Challenges ahead

This is my last entry for a few days as I fully intend to make the most of the holidays. I wanted to take the opportunity to say thanks to those who regularly read and support this blog, and to wish everybody a merry christmas and good luck for the new year.

A number of events have stood out during 2007 that serve to remind of the importance of process over technology when it comes managing information security. Most recently, of course, the HMRC data breach demonstrated that all the technology in the world can’t stop people doing daft things that break the rules and put your revenue and reputation at risk.

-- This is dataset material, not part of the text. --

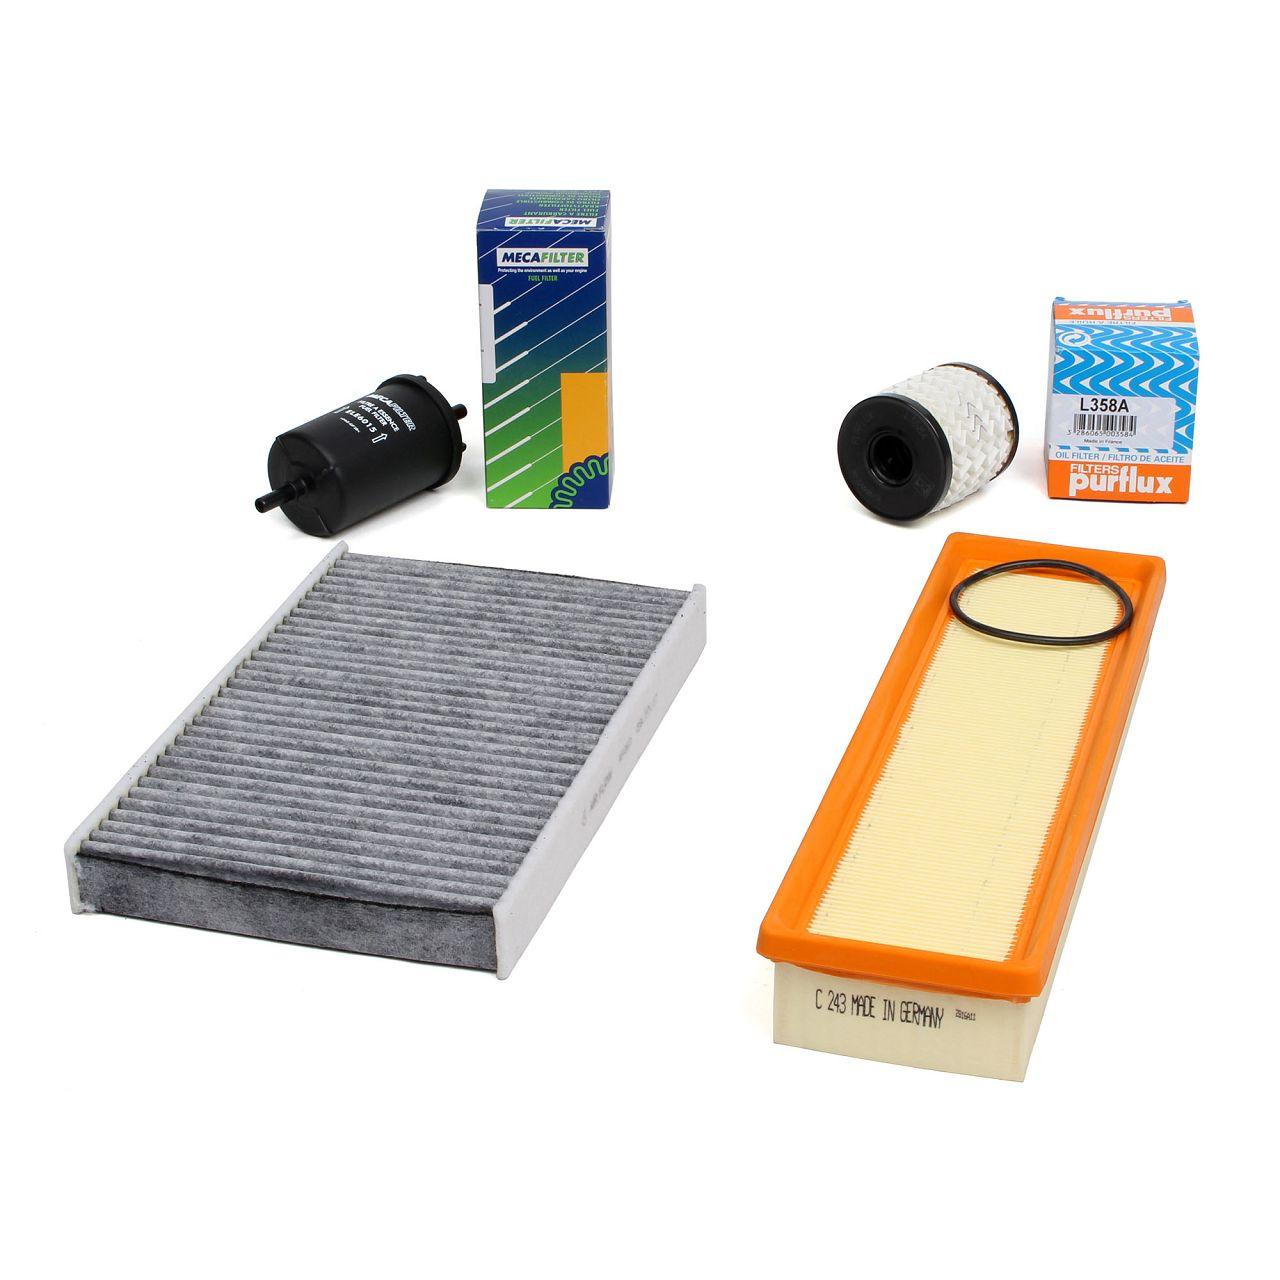 Inspektionskit Filterpaket Filterset für PEUGEOT 307 / SW / BREAK 1.4 16V 88 PS

My priorities for the new year are going to be:

– Focusing on user access and entitlements to company data

– Focusing on the security of the third party vendors that we deal with

– Tightening up our borders and spending more time on testing that the technology side of things is hardened and properly managed

– Security awareness and information for employees

2008 will, I predict, be a challenging year. Stories such as this one reported in The Times about state sponsored hacking probably represent the tip of the iceberg and we’ll likely be seeing many more disturbing reports of such activities with consequences for foreign organisations performing business within countries under suspicion. Social networking sites will be a magnet for hackers and identity thieves and stories about both individuals and brands being affected will be rife.

Such an environment means that the information security industry will continue to florish. I was recently in Spain on business where I learnt that few organisations presently employ individuals with the sort of position that I hold. I think that’s about to change as countries that have typically lagged behind with regards to technology come of age and begin to suffer their own fair share of electrionic attacks and data breaches.

As for my own personal 2008. I’m looking forward to the challenges ahead and, obviously, another good year of blogging!